Дополняя картину «сражения», в воздухе повисли облака пыли, табака и мата. Послышалось конское ржание.
Толпе публики с петлицами Ненашев не удивился. Военных в городе и его окрестностях множество.
Две стрелковых, одна танковая дивизия; части укрепрайона; комендатура и штаб пограничного отряда; оперативные войска НКВД, охранявшие объекты на железной дороге, а еще множество тыловых учреждений.
Кроме того, город был перевалочной базой для воинских частей, расположенных севернее и южнее Брестского гарнизона. Колея еще не везде перешита на русский стандарт, и в деле еще доставшийся от былой Речи Посполитой трофейный железнодорожный парк. Вон, как в стороне бодро дымит кургузый польский паровозик и у вагонов непривычного вида суетятся люди.
Зачем спешить?
Пусть без него бьются за пролетки и грузят вещи. Да и «рубить» по площади почти строевым шагом, поднимая руку к козырьку и эпично гремя чемоданом, не хотелось.

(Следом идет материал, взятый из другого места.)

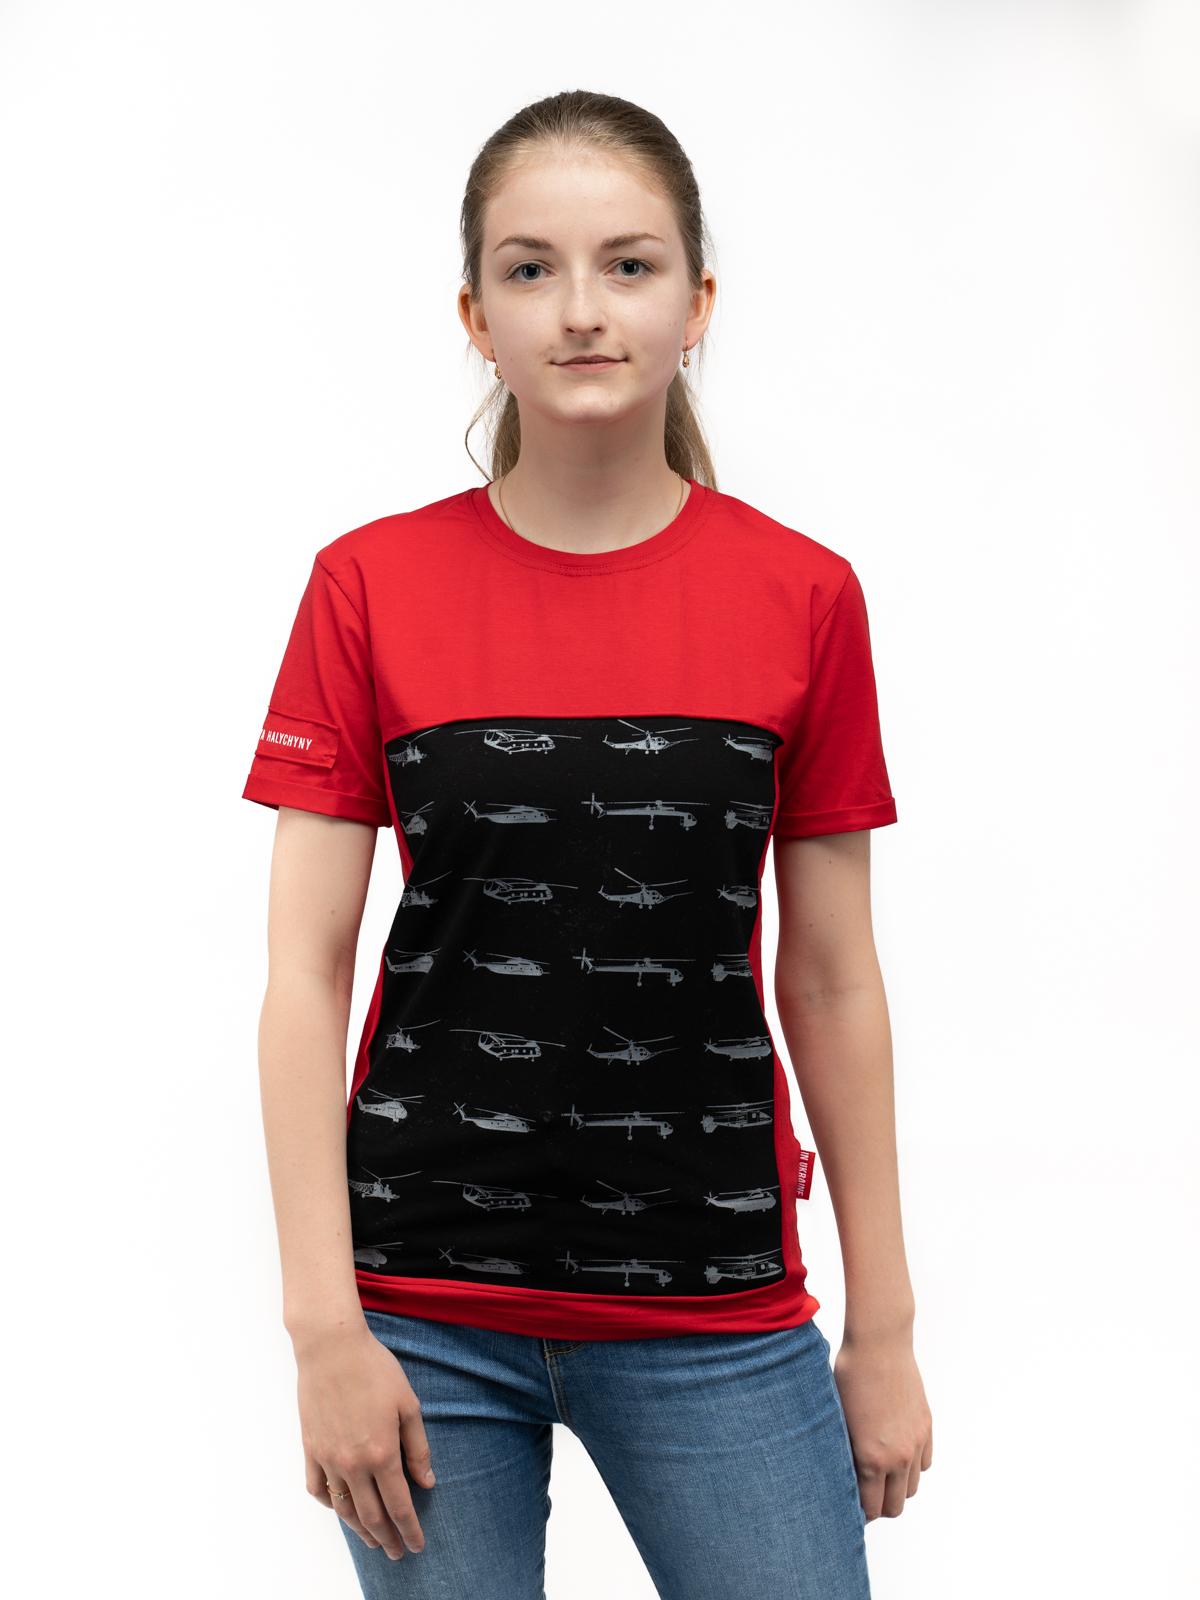 Women's T-Shirt Sikorsky. Color red. Unisex T-shirt (men's sizes).

Давно отвык от этих дел.
«Дэнги, дэнги давай!», — капитан улыбнулся, представляя, как мучаются вечным вопросом местные «таксисты»: каким же зигзагом везти до места клиента. В глазах мелькают цифры – это ум множит рубли на расстояние.
— Папа! Смотри, шпион! — раздался рядом испуганный детский голос[11].
В лице Ненашева ничего не дрогнуло, лишь в большой ягодичной мышце повело седалищный нерв. Ишь ты, разогнался! Ребенок, и тот сразу раскусил засланца!
«Спокойствие, только спокойствие!», — Панов медленно обернулся, делая выразительные глаза, ну как у того брутального кота с рапирой. Потом облегченно выдохнул.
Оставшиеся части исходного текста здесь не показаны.